_What the task asks_
Nothing should differ between your answer and the records.

_Data for the task_

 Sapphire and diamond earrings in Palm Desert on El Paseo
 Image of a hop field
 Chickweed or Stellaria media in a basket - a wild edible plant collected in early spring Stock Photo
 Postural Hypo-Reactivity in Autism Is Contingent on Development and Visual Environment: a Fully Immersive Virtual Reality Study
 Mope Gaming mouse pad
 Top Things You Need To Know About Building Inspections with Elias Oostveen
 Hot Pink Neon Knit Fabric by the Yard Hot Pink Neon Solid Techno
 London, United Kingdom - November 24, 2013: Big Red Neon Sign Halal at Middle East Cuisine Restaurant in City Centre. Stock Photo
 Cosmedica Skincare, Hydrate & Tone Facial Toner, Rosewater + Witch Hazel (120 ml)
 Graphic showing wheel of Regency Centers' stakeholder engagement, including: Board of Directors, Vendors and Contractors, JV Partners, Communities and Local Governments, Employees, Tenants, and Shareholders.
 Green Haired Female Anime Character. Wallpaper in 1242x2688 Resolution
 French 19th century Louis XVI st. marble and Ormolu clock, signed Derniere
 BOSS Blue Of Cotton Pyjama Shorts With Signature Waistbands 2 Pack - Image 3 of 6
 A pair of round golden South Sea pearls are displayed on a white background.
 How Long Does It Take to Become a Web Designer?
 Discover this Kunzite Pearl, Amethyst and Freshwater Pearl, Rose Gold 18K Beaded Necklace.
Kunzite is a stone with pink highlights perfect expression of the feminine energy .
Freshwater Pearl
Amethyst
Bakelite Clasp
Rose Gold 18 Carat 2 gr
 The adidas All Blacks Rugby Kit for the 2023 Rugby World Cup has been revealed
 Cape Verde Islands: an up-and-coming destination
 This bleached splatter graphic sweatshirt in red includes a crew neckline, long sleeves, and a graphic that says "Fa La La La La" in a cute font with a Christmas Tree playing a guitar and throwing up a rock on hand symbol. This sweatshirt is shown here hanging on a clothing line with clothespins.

_Output of the task_
 Sapphire and diamond earrings in Palm Desert on El Paseo
 Image of a hop field
 Chickweed or Stellaria media in a basket - a wild edible plant collected in early spring Stock Photo
 Postural Hypo-Reactivity in Autism Is Contingent on Development and Visual Environment: a Fully Immersive Virtual Reality Study
 Mope Gaming mouse pad
 Top Things You Need To Know About Building Inspections with Elias Oostveen
 Hot Pink Neon Knit Fabric by the Yard Hot Pink Neon Solid Techno
 London, United Kingdom - November 24, 2013: Big Red Neon Sign Halal at Middle East Cuisine Restaurant in City Centre. Stock Photo
 Cosmedica Skincare, Hydrate & Tone Facial Toner, Rosewater + Witch Hazel (120 ml)
 Graphic showing wheel of Regency Centers' stakeholder engagement, including: Board of Directors, Vendors and Contractors, JV Partners, Communities and Local Governments, Employees, Tenants, and Shareholders.
 Green Haired Female Anime Character. Wallpaper in 1242x2688 Resolution
 French 19th century Louis XVI st. marble and Ormolu clock, signed Derniere
 BOSS Blue Of Cotton Pyjama Shorts With Signature Waistbands 2 Pack - Image 3 of 6
 A pair of round golden South Sea pearls are displayed on a white background.
 How Long Does It Take to Become a Web Designer?
 Discover this Kunzite Pearl, Amethyst and Freshwater Pearl, Rose Gold 18K Beaded Necklace.
Kunzite is a stone with pink highlights perfect expression of the feminine energy .
Freshwater Pearl
Amethyst
Bakelite Clasp
Rose Gold 18 Carat 2 gr
 The adidas All Blacks Rugby Kit for the 2023 Rugby World Cup has been revealed
 Cape Verde Islands: an up-and-coming destination
 This bleached splatter graphic sweatshirt in red includes a crew neckline, long sleeves, and a graphic that says "Fa La La La La" in a cute font with a Christmas Tree playing a guitar and throwing up a rock on hand symbol. This sweatshirt is shown here hanging on a clothing line with clothespins.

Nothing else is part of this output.